Data section start

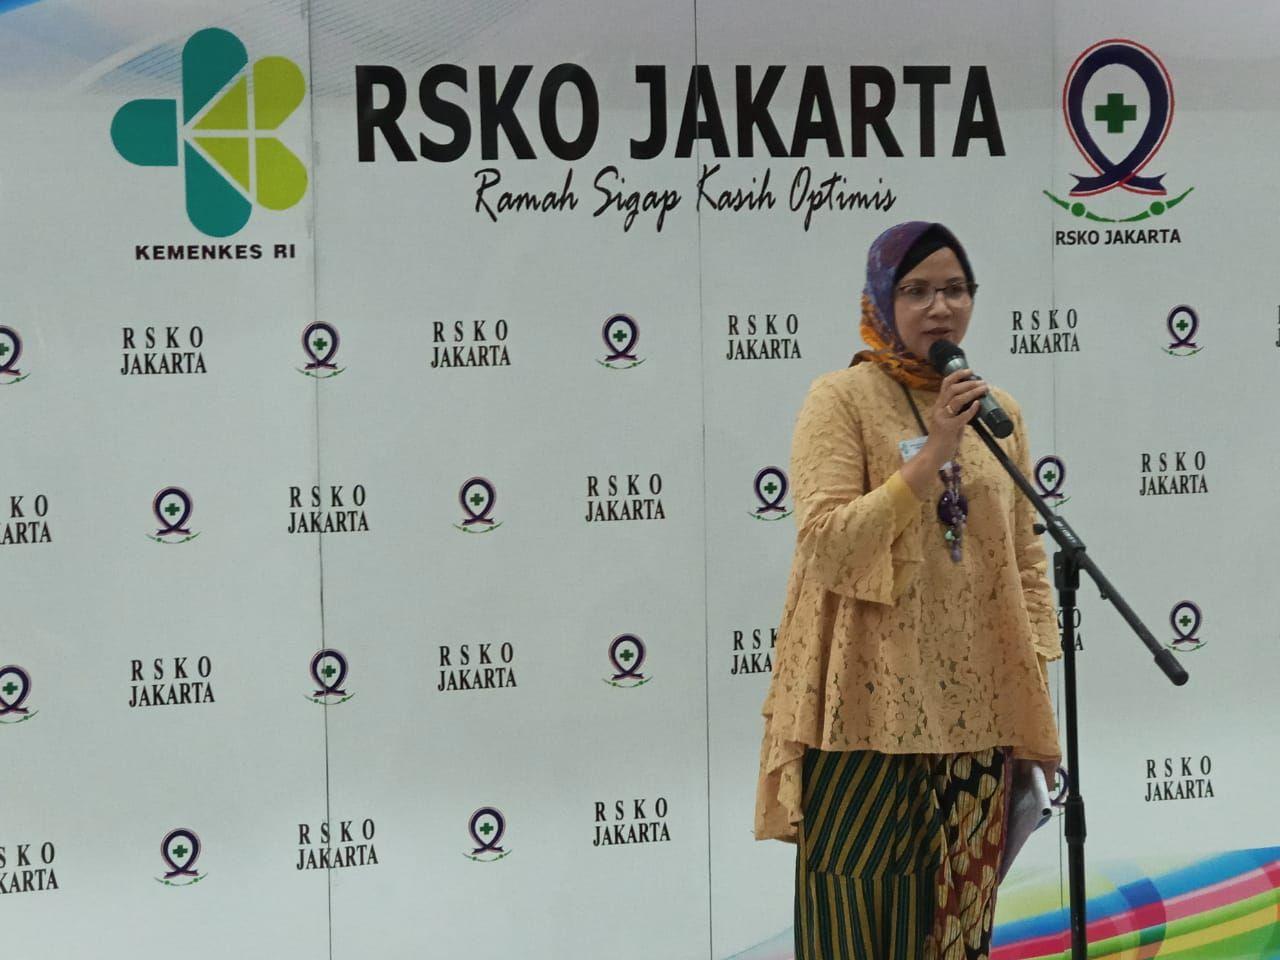 Deskripsi : ketua Dharma Wanita Persatuan RSKO Jakarta, Ibu Sri Hartanti Azhar menyampaikan Dharma Wanita Persatuan RSKO Jakarta siap menjadi fasilitator I Sumber : RSKO Jakarta
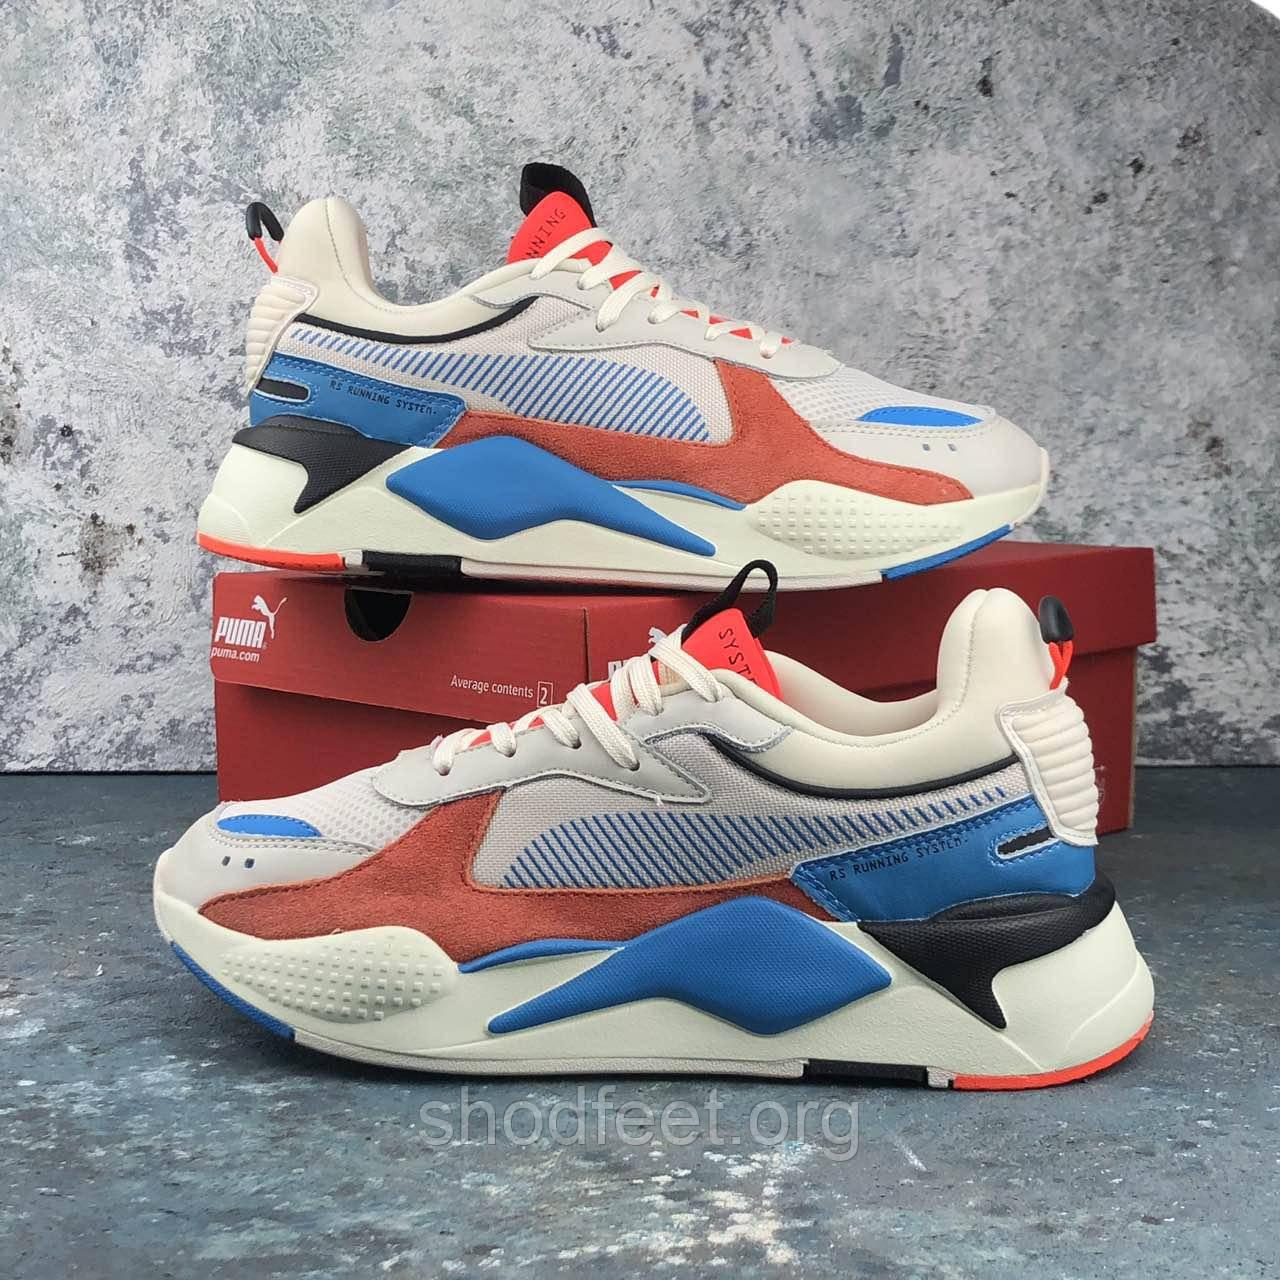 Мужские кроссовки Puma Rs-x Reinvention Cream Red Blue
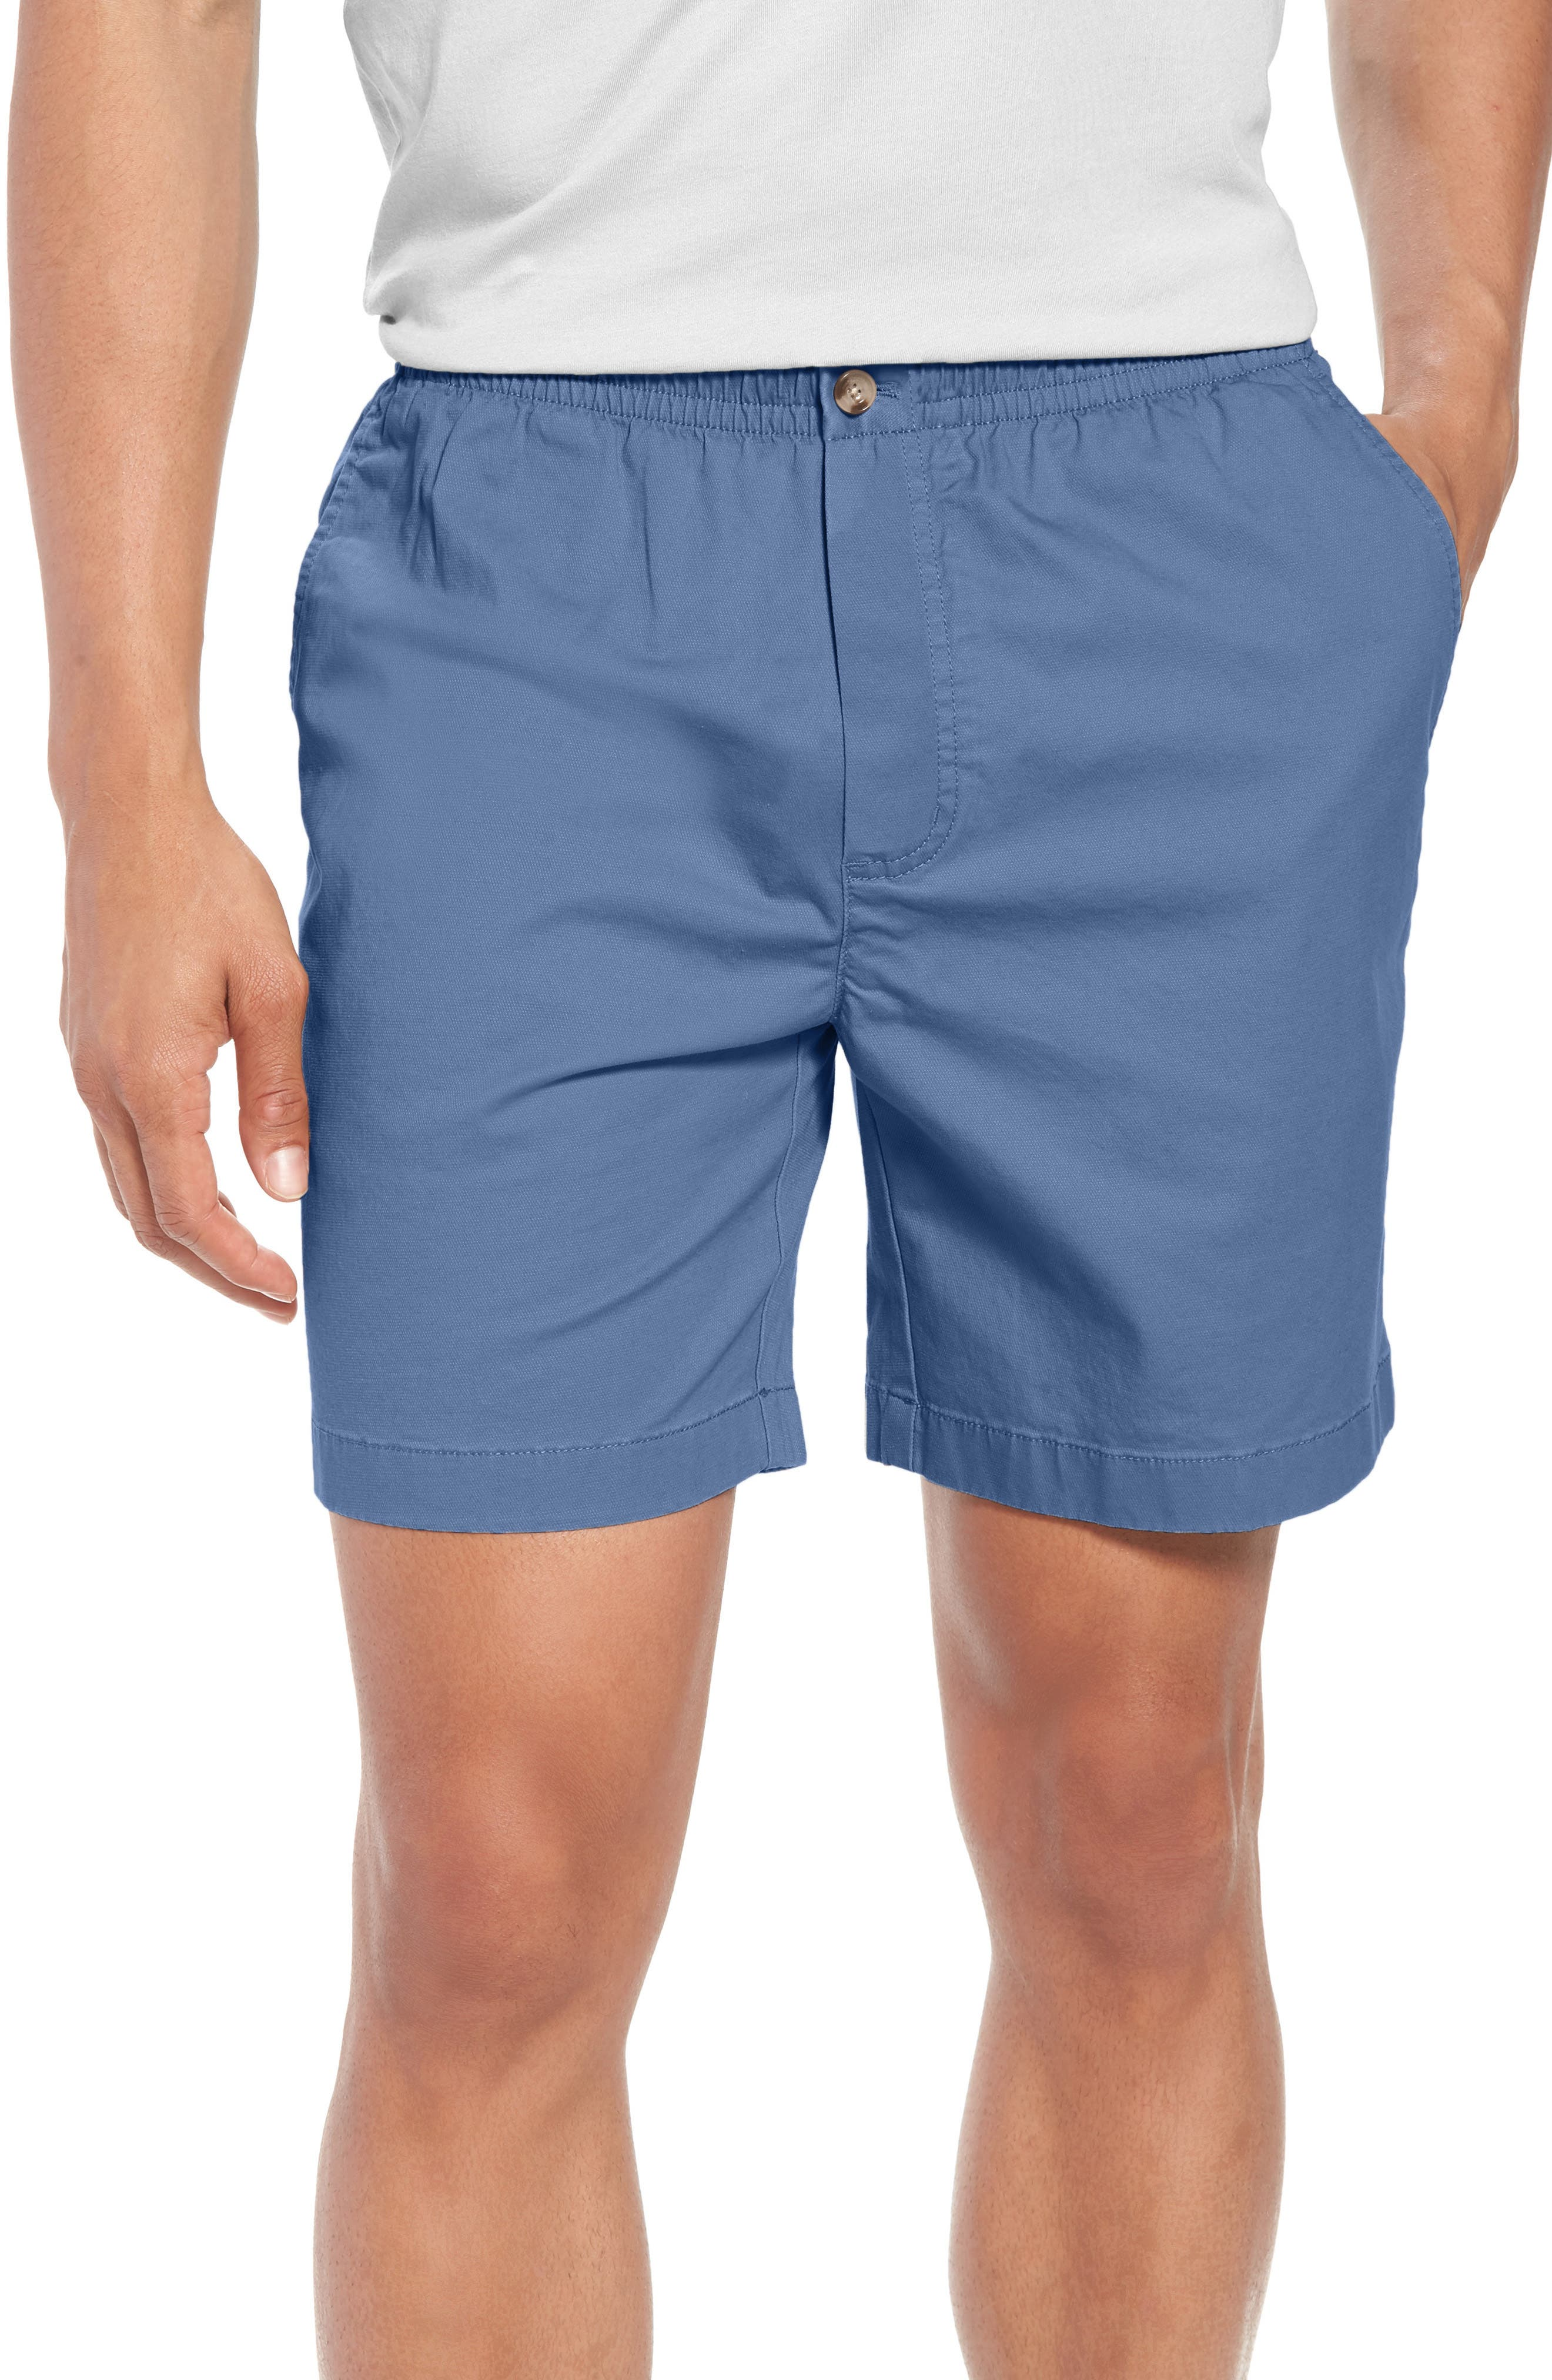 Jetty Stretch Cotton Shorts,                             Main thumbnail 1, color,                             Moonshine

Data section end

No pictures go in the copy. Set down all the data exactly.

Solution »
 Deskripsi : ketua Dharma Wanita Persatuan RSKO Jakarta, Ibu Sri Hartanti Azhar menyampaikan Dharma Wanita Persatuan RSKO Jakarta siap menjadi fasilitator I Sumber : RSKO Jakarta
 Мужские кроссовки Puma Rs-x Reinvention Cream Red Blue
 Jetty Stretch Cotton Shorts,                             Main thumbnail 1, color,                             Moonshine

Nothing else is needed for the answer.